Background: Experimental and preliminary clinical data in patients with dilated cardiomyopathy show that growth hormone has a positive inotropic effect and contributes to peripheral vasodilatation. However, there is little information about the activity of growth hormone-IGF-1 axis in patients with chronic heart failure.
Aim: To measure growth hormone and IGF-1 levels in patients with chronic heart failure.
Patients and methods: Nine patients, aged 49 to 76 years old, 7 male, were studied. Seven had an idiopathic dilated cardiomyopathy and 2 a coronary heart disease. All had a stable cardiac failure, in functional capacity II or III and were receiving digoxin, furosemide and potassium supplements. Thyroid hormone levels, basal and exercise growth hormone and IGF-1 levels were measured and compared with reference values for American populations. Left ventricular ejection fraction was measured with an isotopic technique and nutritional status using anthropometry and indirect calorimetry.

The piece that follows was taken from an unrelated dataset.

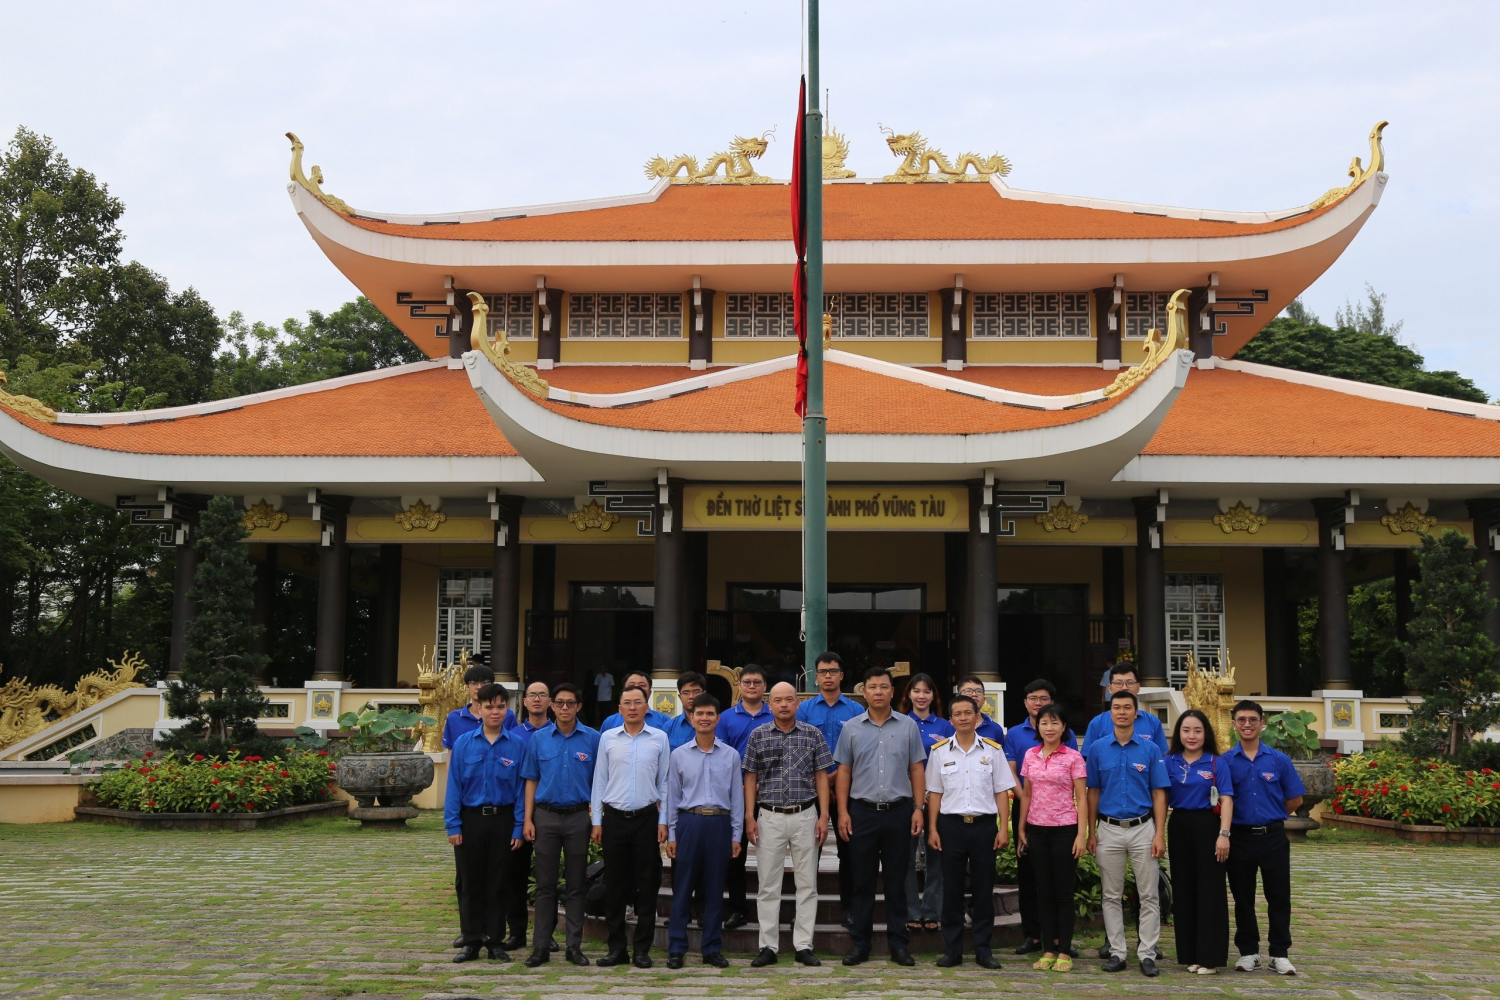 Đoàn chụp hình lưu niệm trước Đền thờ Liệt sĩ thành phố Vũng Tàu
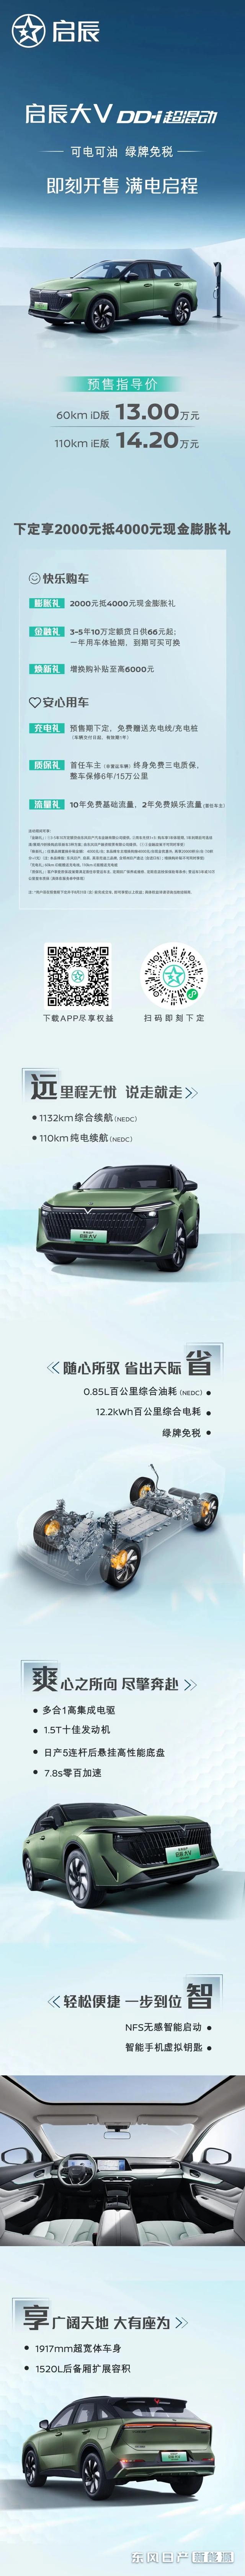 春风日产首款插混新能源车型启辰大V DD-i将于7月8日上市

Results: Anthropometric measures, basal and post-prandial oxygen consumption were within normal limits. Thyroid hormone levels were normal. During maximal exercise, growth hormone levels were 2.56 +/- 4.1 ng/ml and IGF-1 levels were 0.56 +/- 0.61 mU/ml. These values were significantly lower than expected for age and sex.
Conclusions: These patients with chronic cardiac failure have lower than normal growth hormone and IGF-1 levels.